The “CheapShow” podcast [link], has been made by and starring Paul Gannon and Eli Silverman, respectively a radio producer and a club DJ / actor, since it began in 2015, stand-up comedian Ash Frith also appearing occasionally. Taken at face value, it is the celebratory mix of trash culture and body horror that pushes taste for the perfect laugh. Once the offended have stopped listening, the “economy comedy podcast” becomes a fun exploration of the charity shops, bargain bins, flea markets and car boot sales of Great Britain, bringing you intriguing, nostalgic and detestable items that fell through the cracks of popular culture – one man’s trash is literally another man’s treasure.

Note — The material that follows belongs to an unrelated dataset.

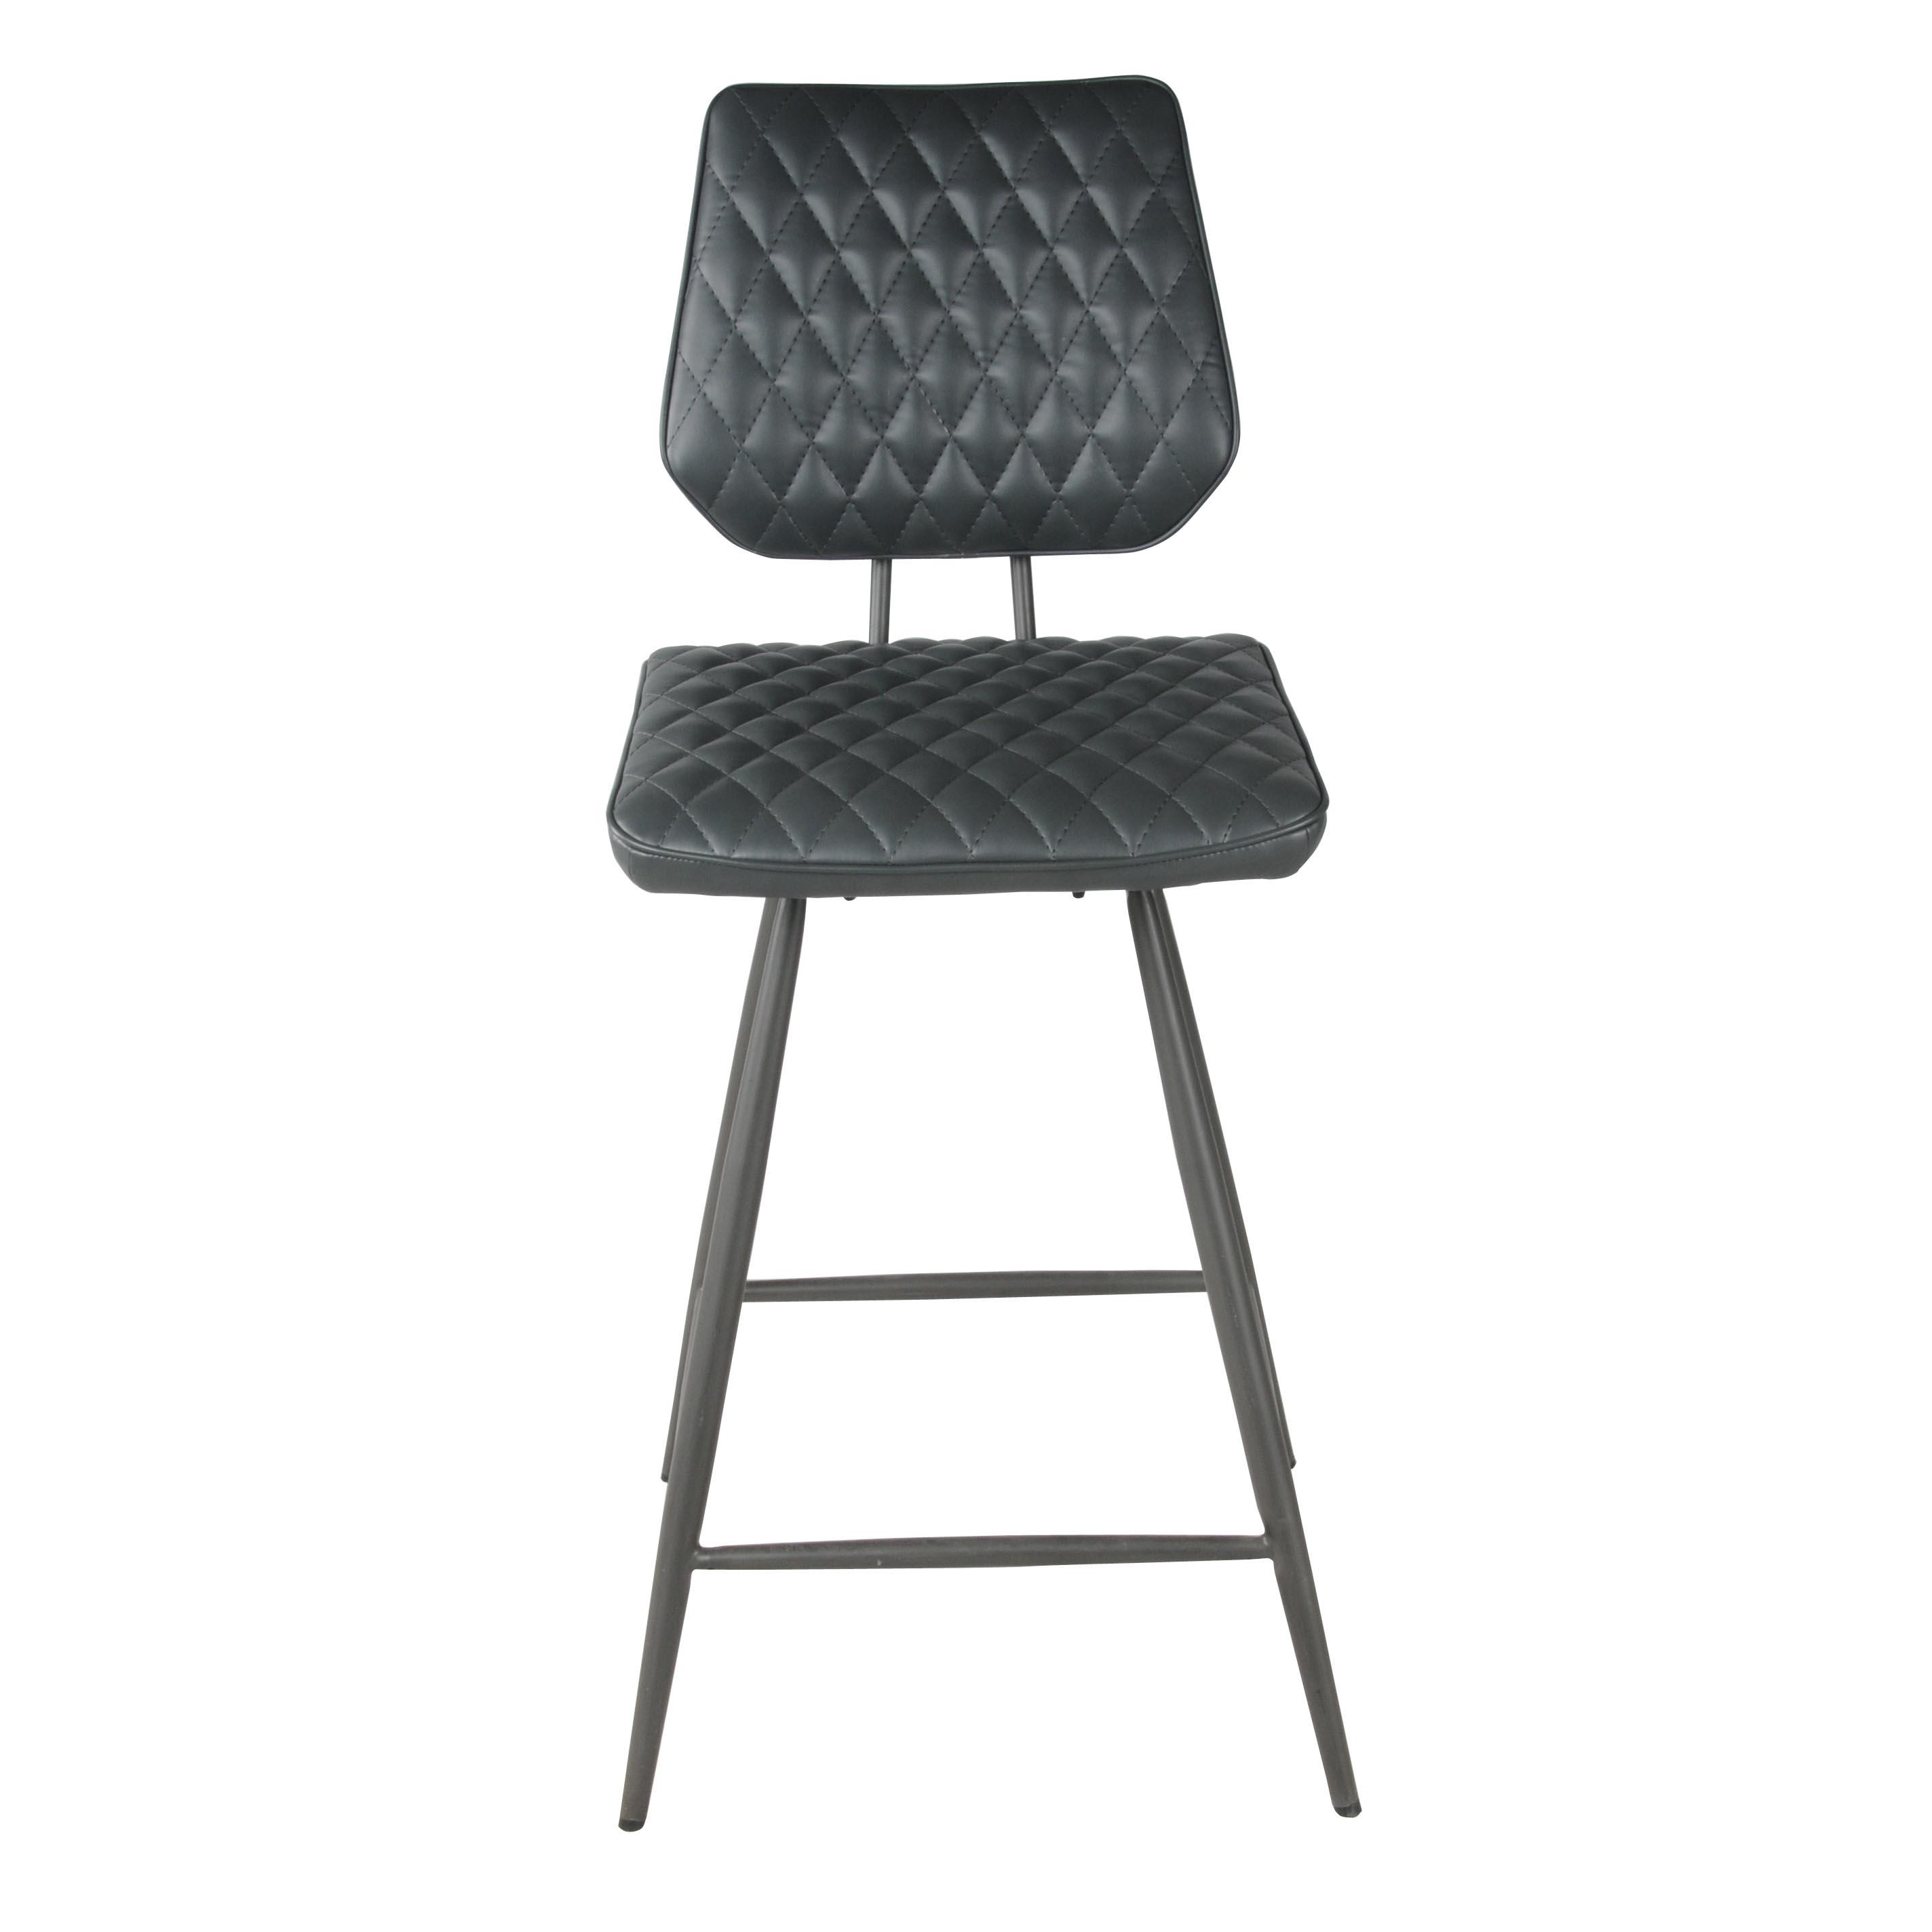 Astonishing Mitchell Kd Pu Swivel Counter Stool Vintage Black Legs Anchor Gray Lamtechconsult Wood Chair Design Ideas Lamtechconsultcom

Once you have listened as much as I have – “CheapShow” is approaching two hundred episodes, at 60-90 minutes each, sometimes longer – it becomes a melange of banter, surreal world building, improvised sketches with characters created from out of nowhere, and a slamming together of language that would make Ludwig Wittgenstein think again, all supported by a strong fanbase helping to feed the show back into the culture through their own tie-in merchandise. “CheapShow” is “a chive-filled yoghurt poultice of destiny” like no other, having “blown the goose” years ago on being your standard podcast fare.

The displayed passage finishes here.